Premium fuel sales fatten Caltex bottom line

Brian Robins 
FEBRUARY 21, 2017
The Age

Oil importer, refiner and marketer Caltex has benefited from the continued swing towards premium fuel purchases, which has helped offset a decline in refiner margins and adverse currency swings over the past 12 months.

It earned a net profit of $610 million in 2016, up from $522 million a year earlier, with earnings a share rising to 232¢ from 193¢.

On a replacement cost basis, which is the company’s preferred measure, the net profit fell to $524 million from $628 million, resulting in earnings a share of 199¢ down from 233¢ in 2015.

The final dividend was trimmed to 52¢ a share, giving an annual payout of 102¢, down from 117¢ a year earlier. The lower dividend is in light of spending on recent acquisitions, with two deals worth a cumulative $420 million yet to be paid.

Sales volumes of transport fuels were flat at 16 billion litres. This masks a 3 per cent rise in sales of higher-margin premium fuels, which continue to offset the long-term decline in petrol sales, which slipped another 2 per cent. 

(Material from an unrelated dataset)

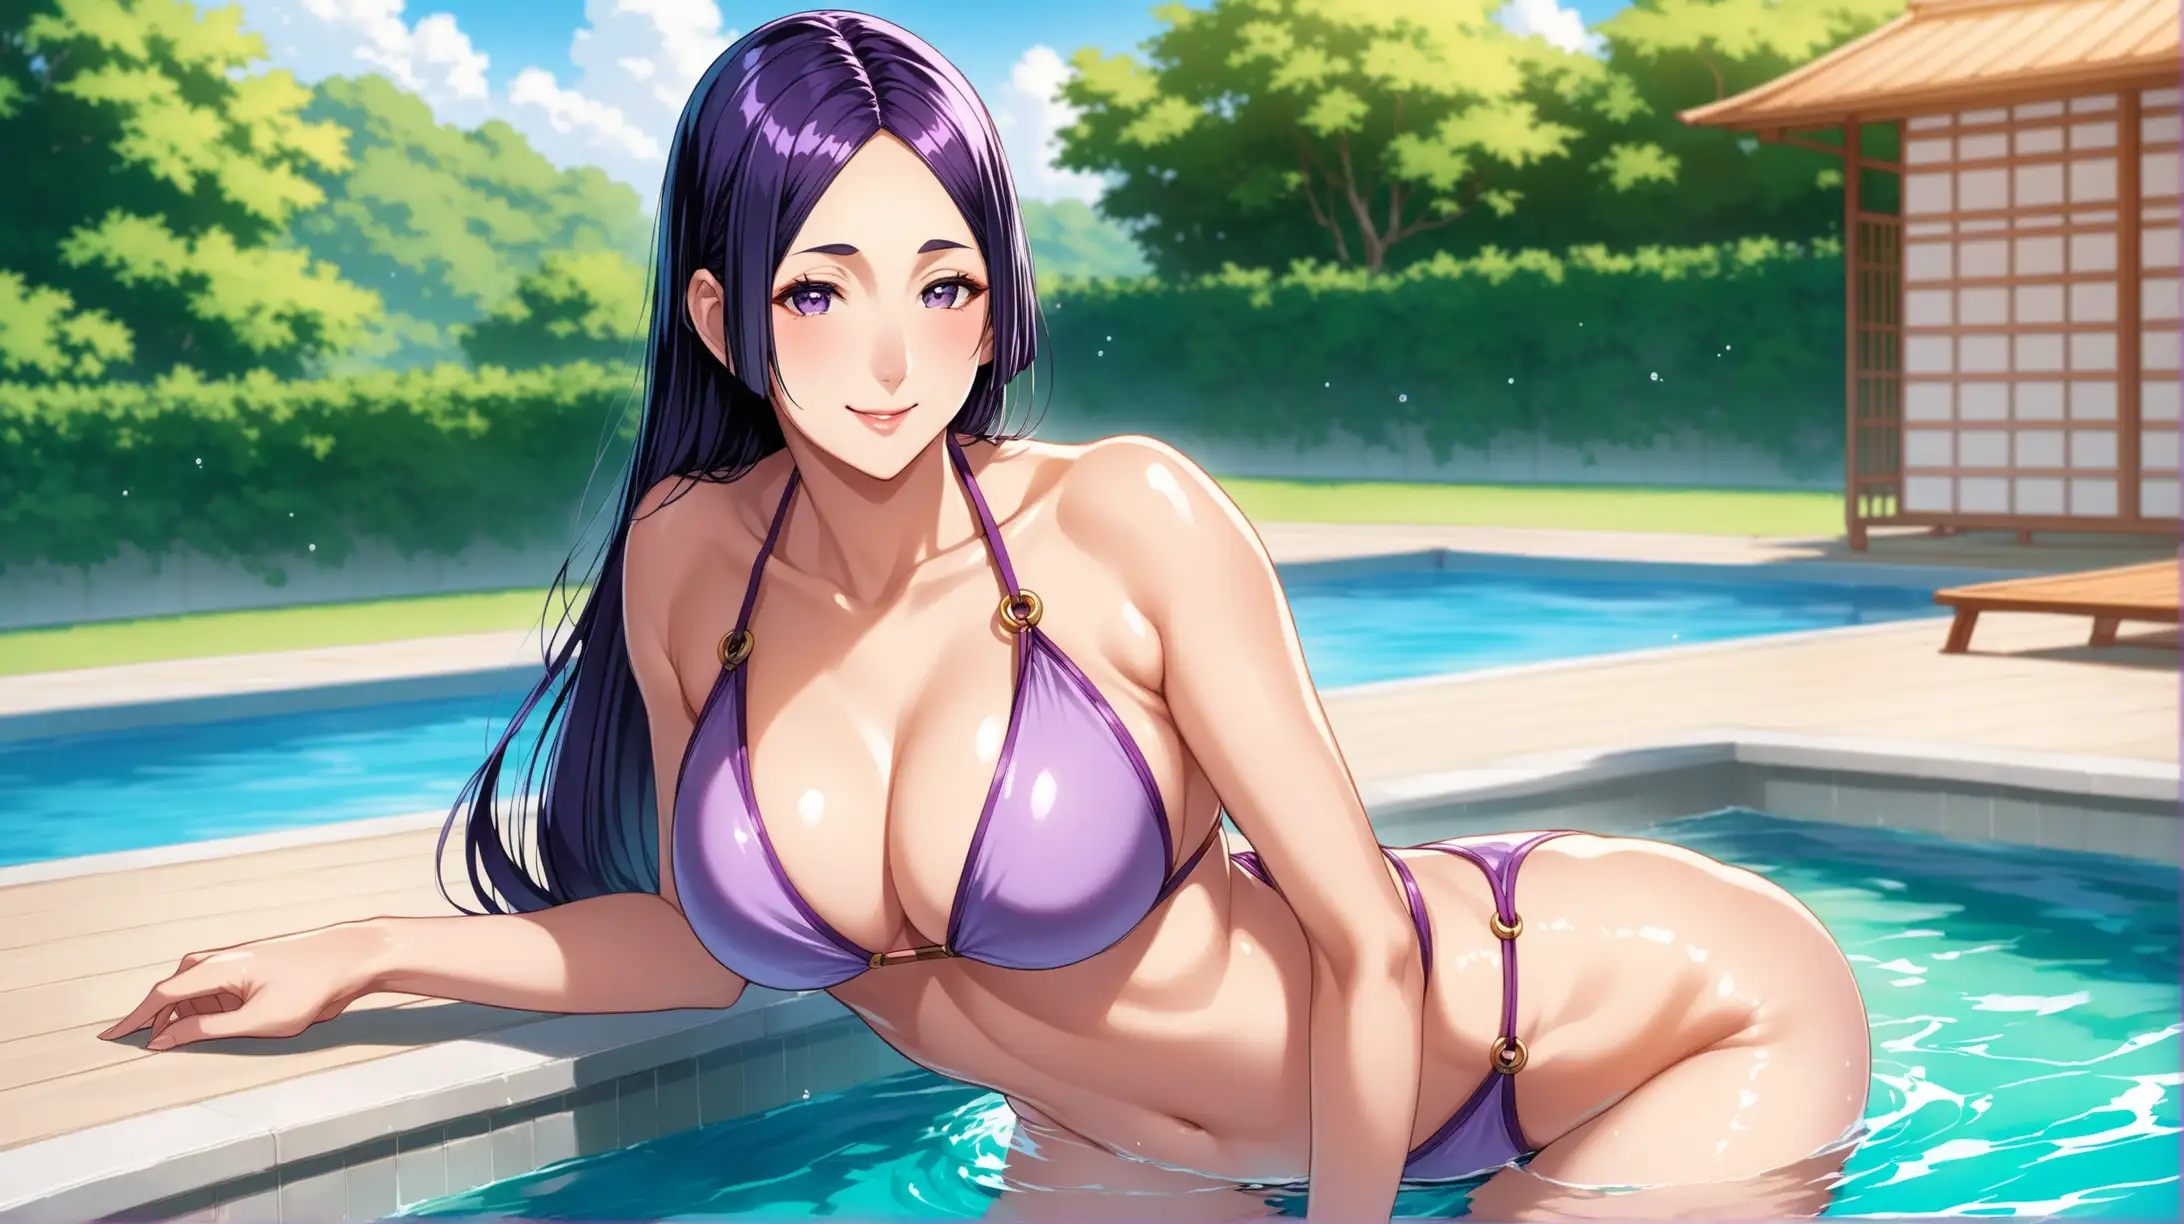 Draw the character Minamoto no Raikou, high quality, natural lighting, long shot, outdoors, swimming pool, seductive pose, wearing a swimsuit, smiling at the viewer

But the lower refiner margin slashed the contribution from the Lytton refinery, which fell to $205 million, pretax, from $406 million in 2015. 

In mid-December, it forecast a net profit of $560 million to $580 million, well ahead of the $493 million earned in 2015, as it benefits from the sales boost and the higher oil price, which raised the value of its inventory of oil products.

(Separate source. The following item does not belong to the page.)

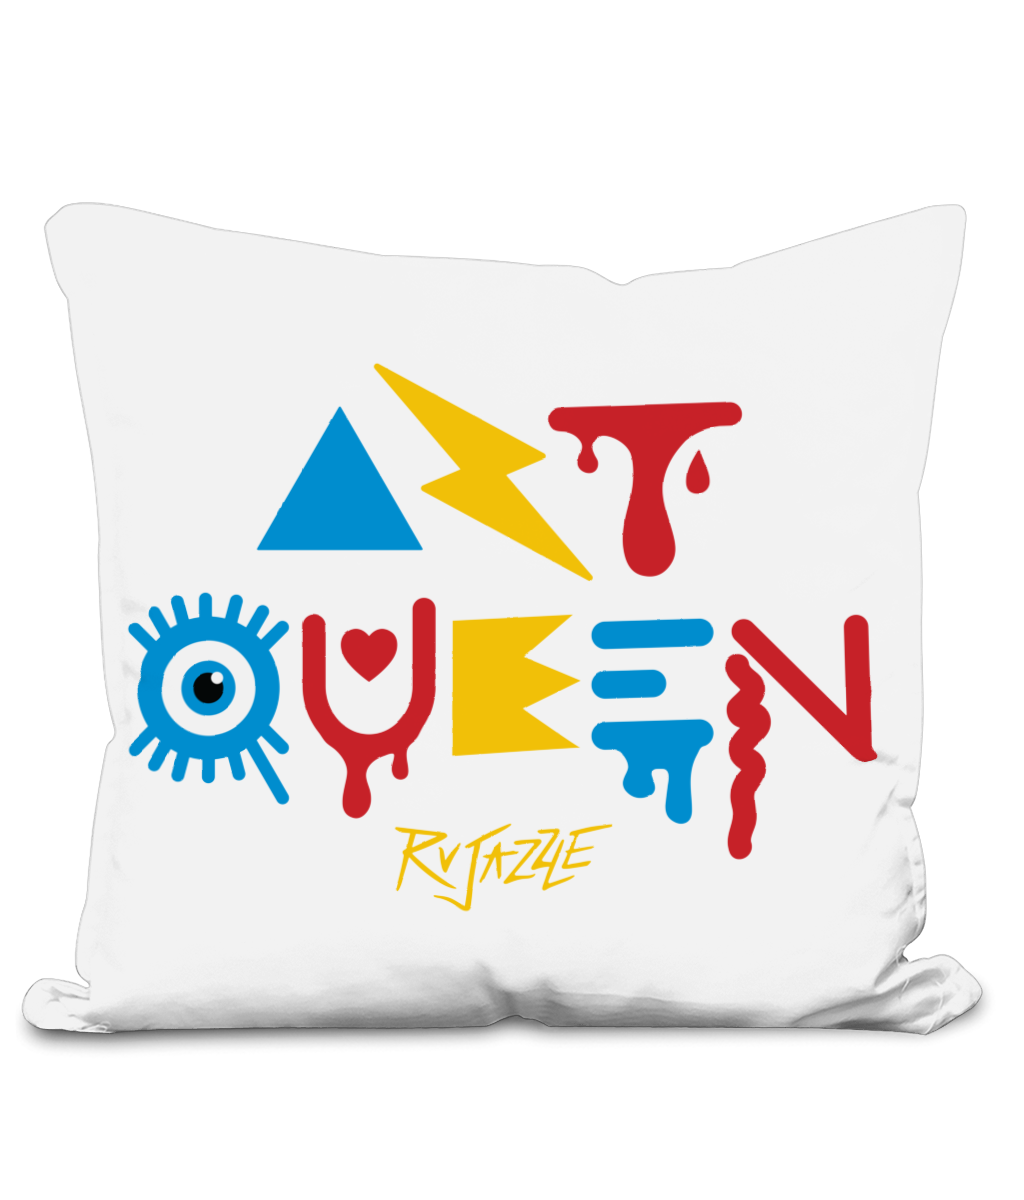 Rujazzle - Art Queen Cushion Cover - SNATCHED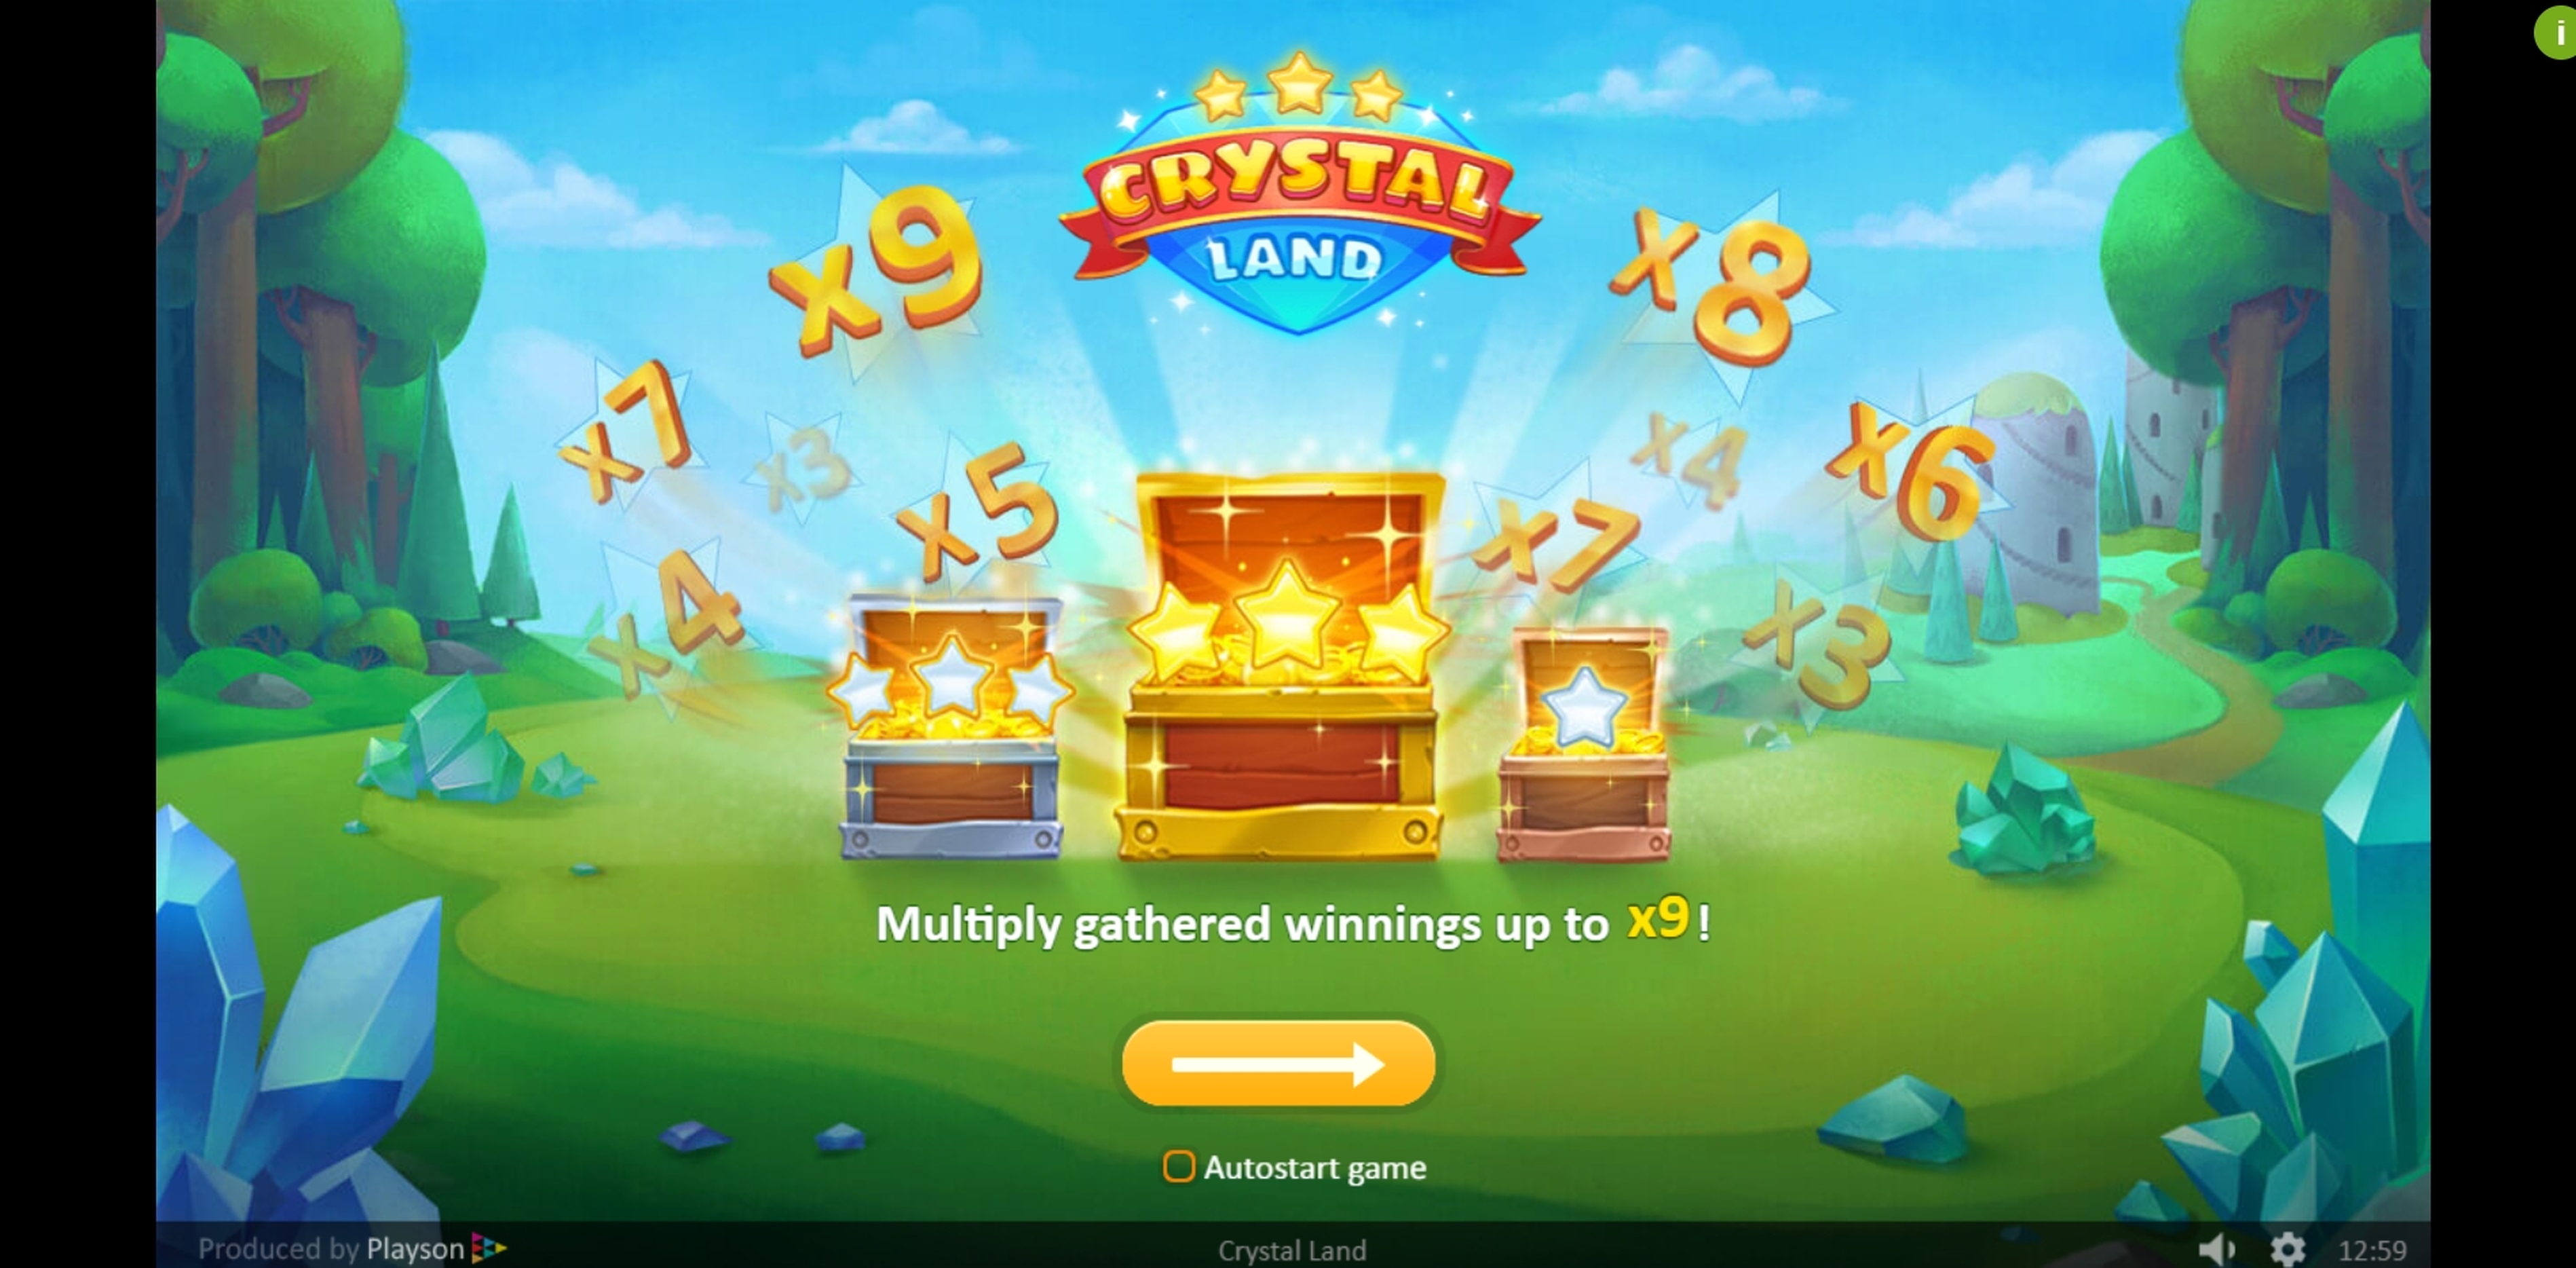 Play Crystal Land Free Casino Slot Game by Playson

The company has been the subject of intense scrutiny in recent months, first over the disclosure of the underpayment of some petrol station employees and the decision by BP to acquire the Woolworths petrol stations, which threatens to cut 3.5 billion litres of volume sales by Caltex, which supplies the retailer’s outlets at present.

The underpayment by franchisees has triggered concerns Caltex may face a class action.

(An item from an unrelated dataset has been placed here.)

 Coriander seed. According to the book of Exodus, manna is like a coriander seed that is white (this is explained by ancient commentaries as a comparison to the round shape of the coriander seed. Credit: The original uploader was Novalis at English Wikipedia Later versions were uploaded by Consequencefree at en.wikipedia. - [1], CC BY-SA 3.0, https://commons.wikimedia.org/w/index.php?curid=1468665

The BP deal is subject to review by the competition watchdog, the Australian Competition and Consumer Commission (ACCC), which has indicated will take much of this year to complete. 

There is the prospect the ACCC may force BP to sell some outlets, which could open the door for Caltex to buy some.

Additionally, Caltex has got the chequebook out, buying some assets such as a petrol station operator in New Zealand, Gull, for $NZ340 million, which has triggered speculation it may seek to acquire additional assets to boost its market share there.